- _TASK STATEMENT_
Reproduce only the lines below from the line containing "Jackson-Pratt™ Silicone Catheters" to the line containing "Basic Caramel - Sustainably Made Pillows", exactly as written, with both end lines kept. Omit the pictures.

- _TASK DATA_
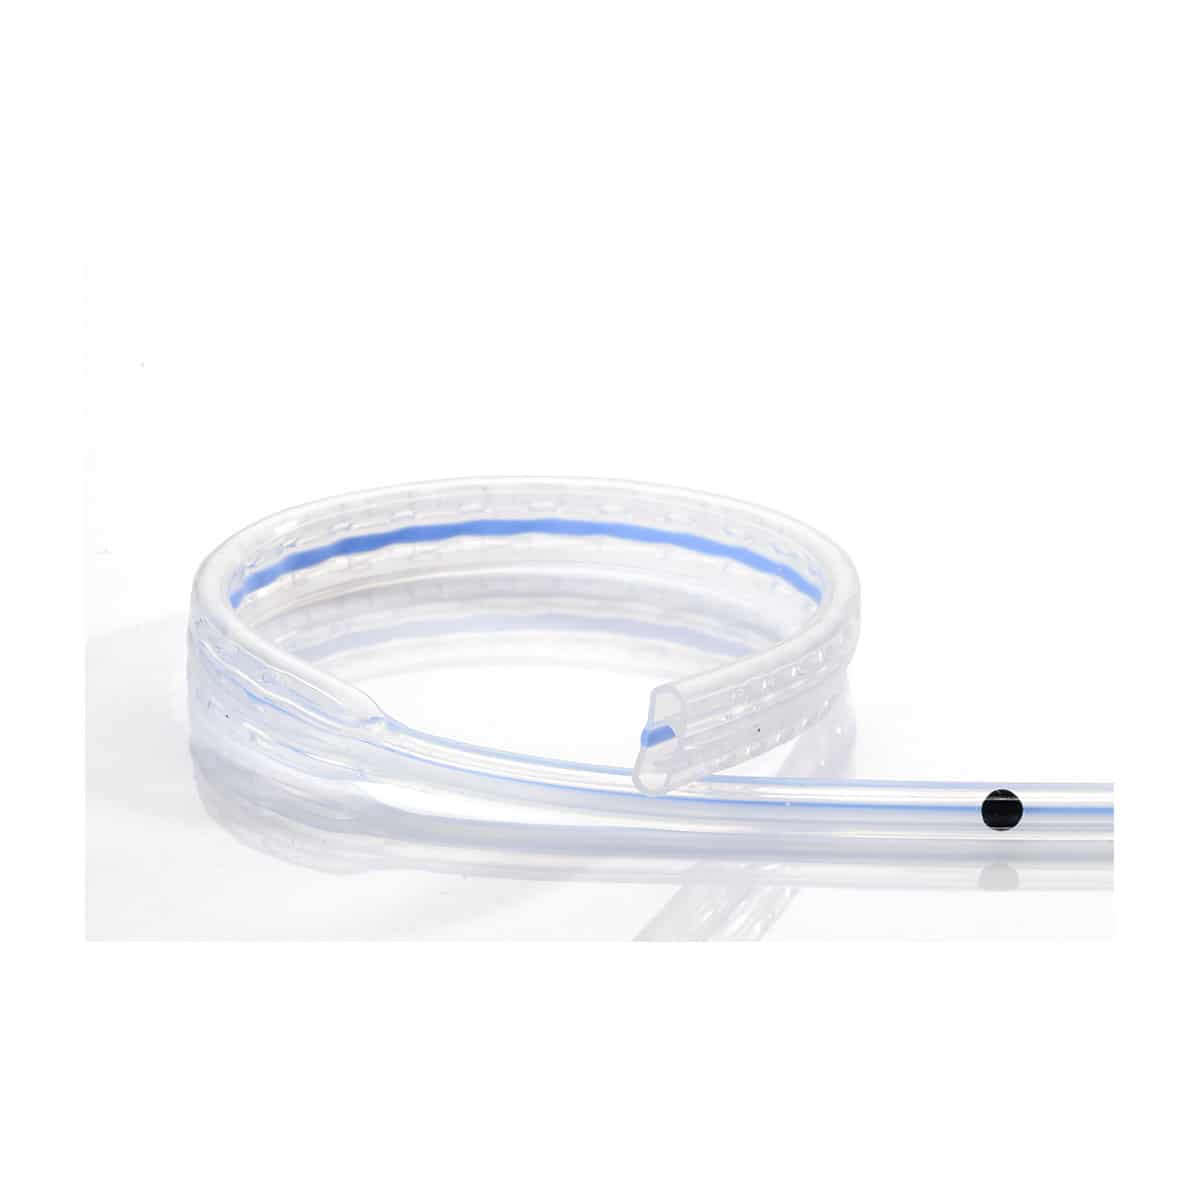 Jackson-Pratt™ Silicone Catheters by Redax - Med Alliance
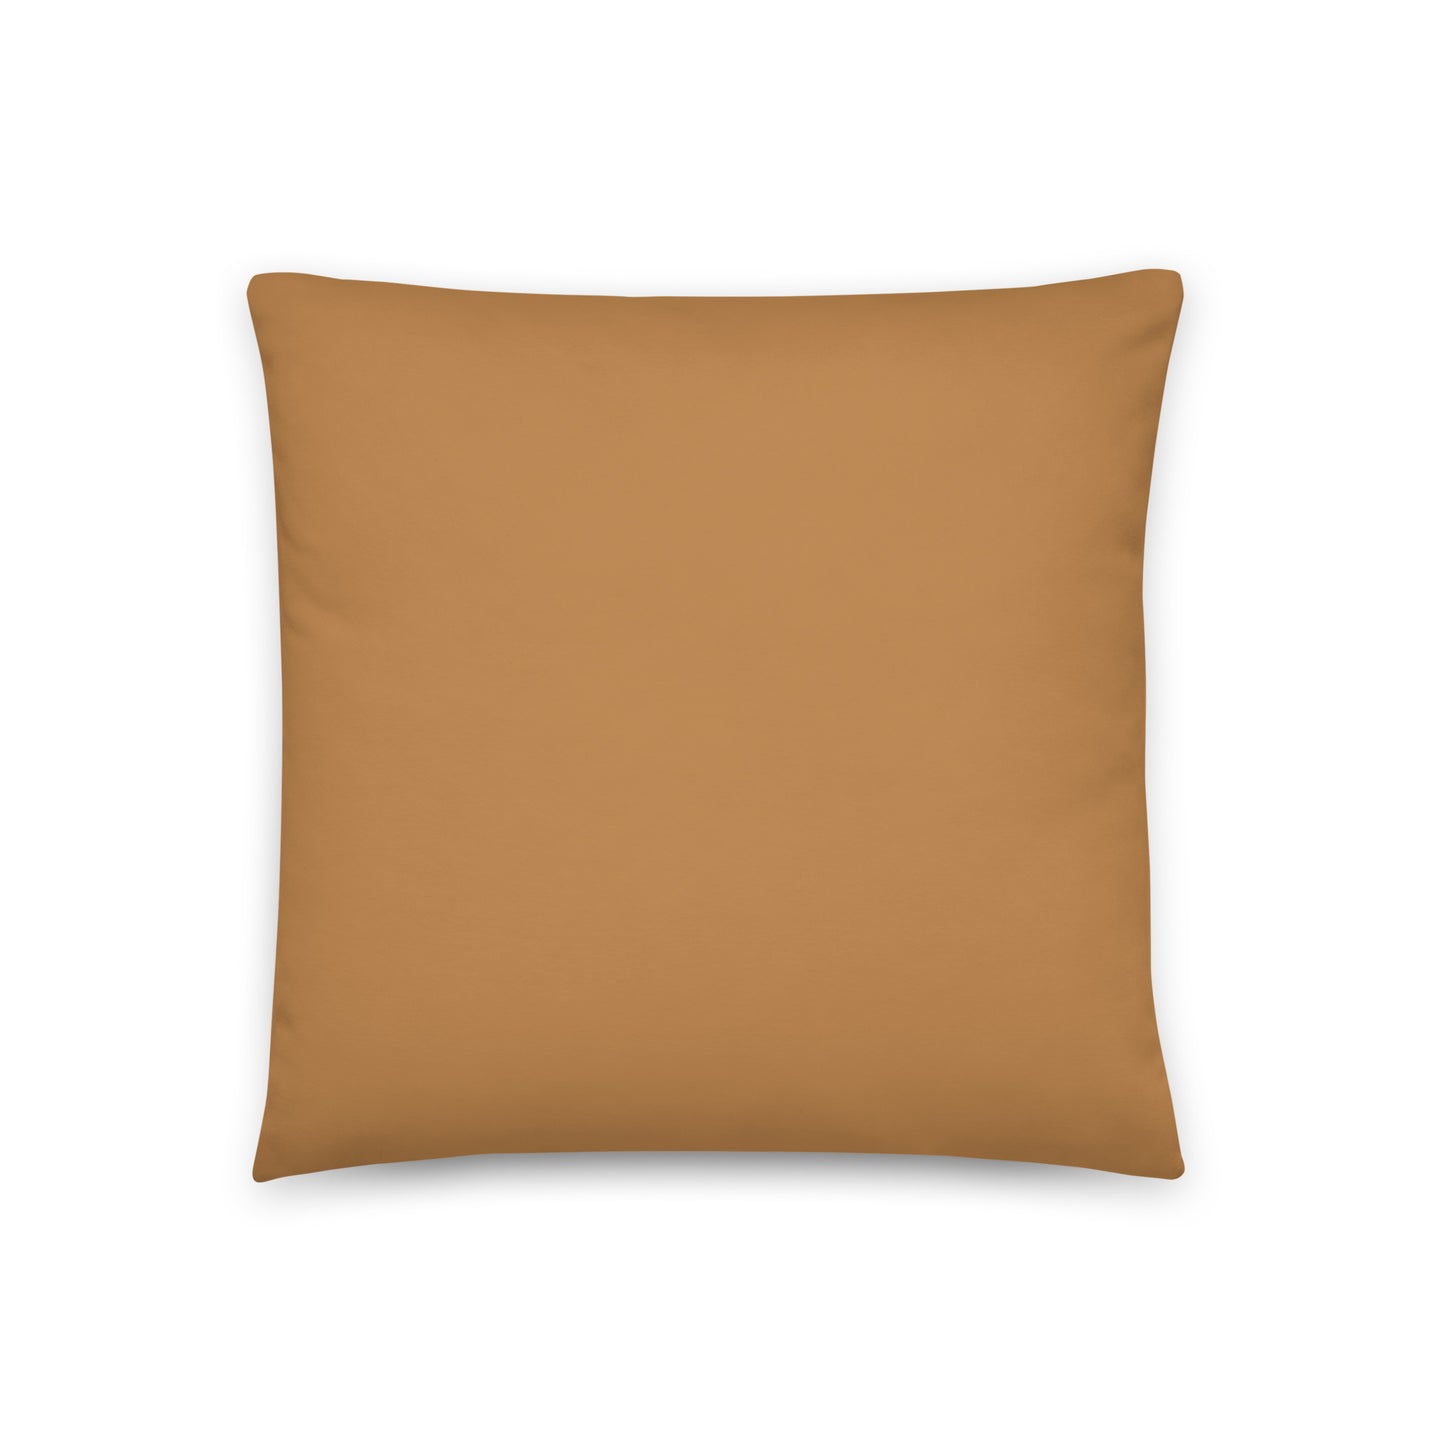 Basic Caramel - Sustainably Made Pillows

* * *

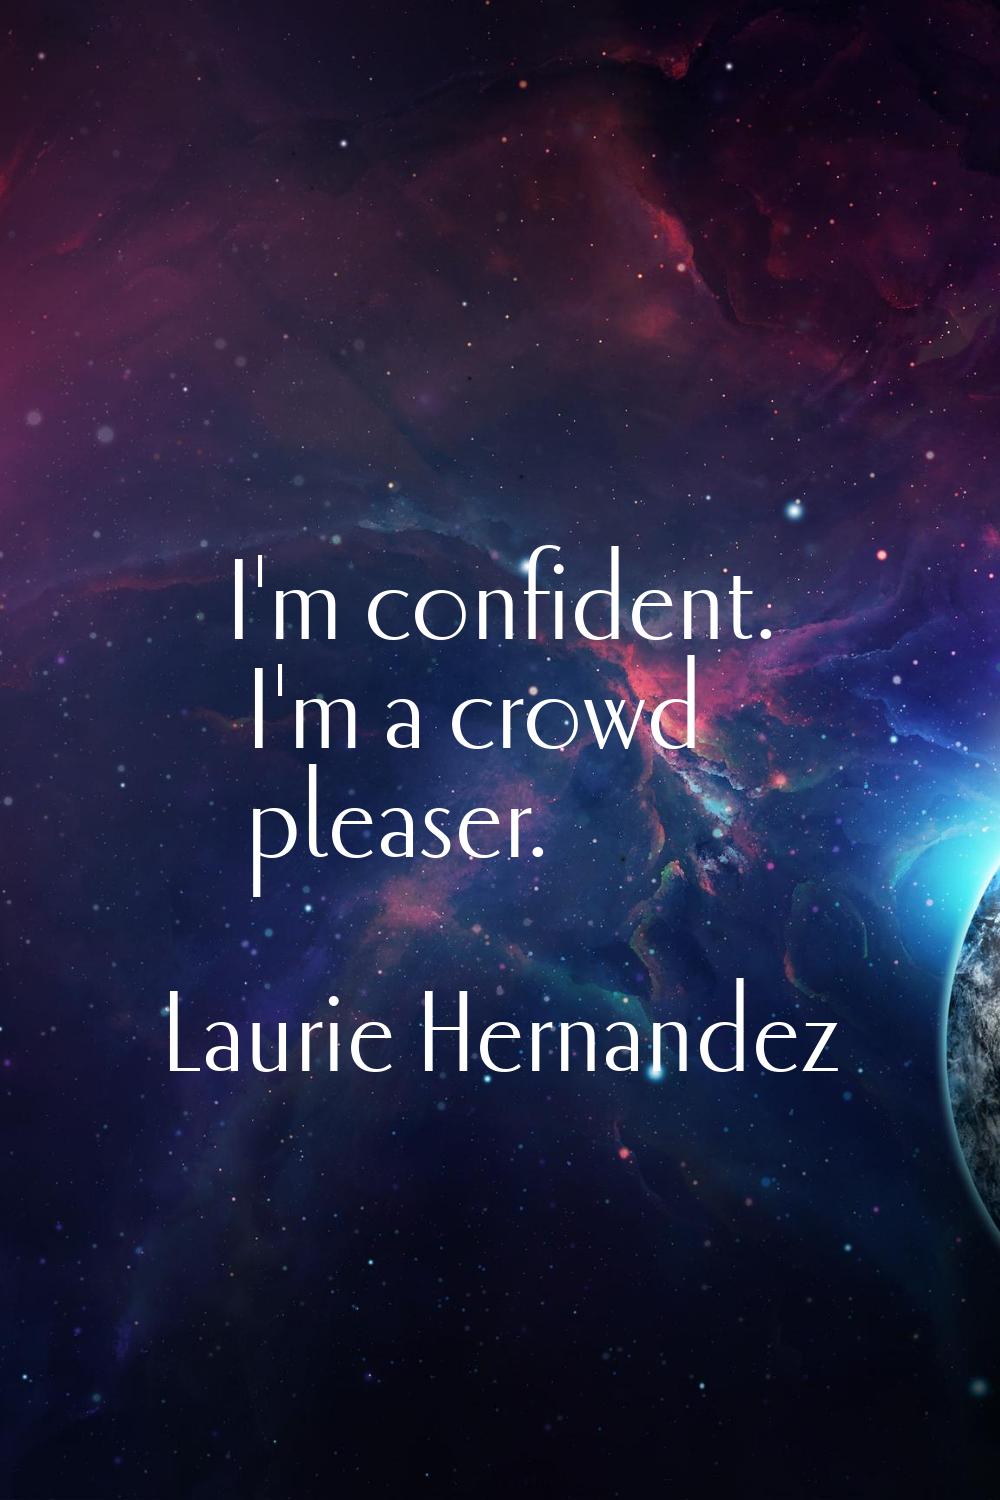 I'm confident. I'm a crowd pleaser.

---

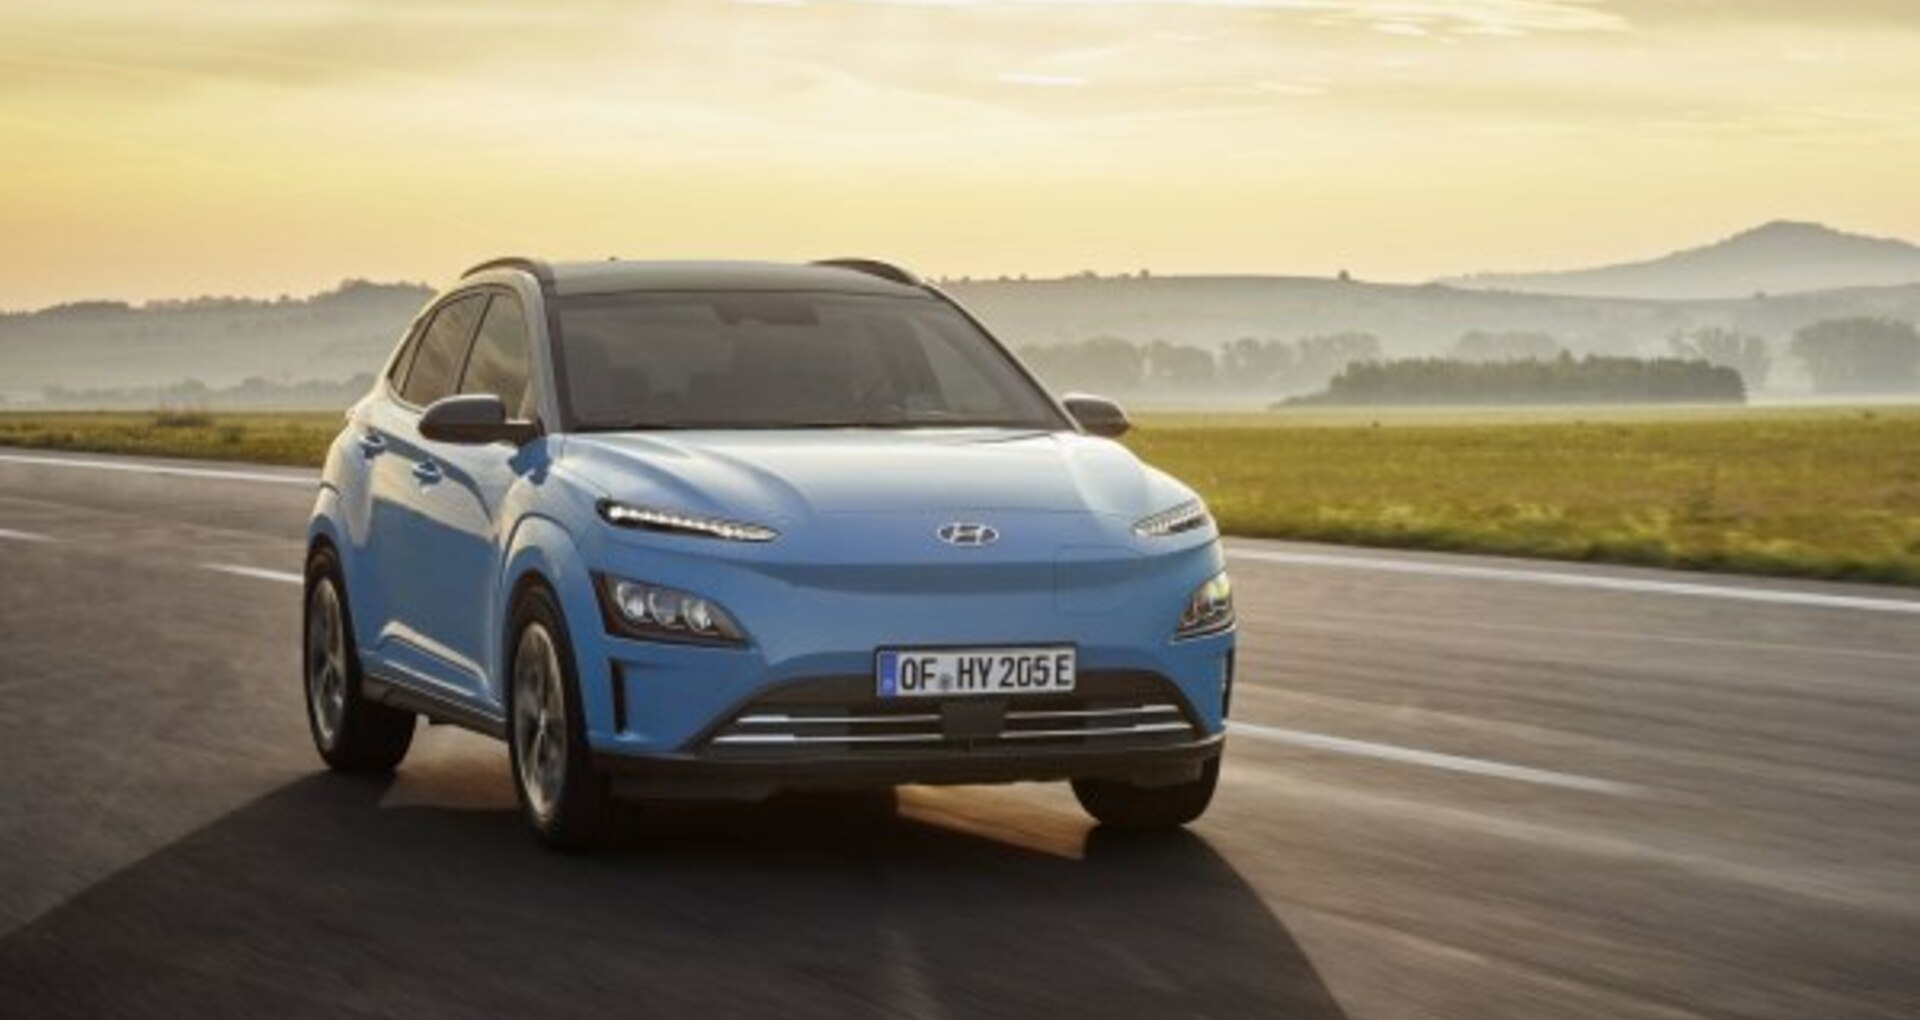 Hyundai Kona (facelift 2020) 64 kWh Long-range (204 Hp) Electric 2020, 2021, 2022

- _EXERCISE OUTPUT_
 Jackson-Pratt™ Silicone Catheters by Redax - Med Alliance
 Basic Caramel - Sustainably Made Pillows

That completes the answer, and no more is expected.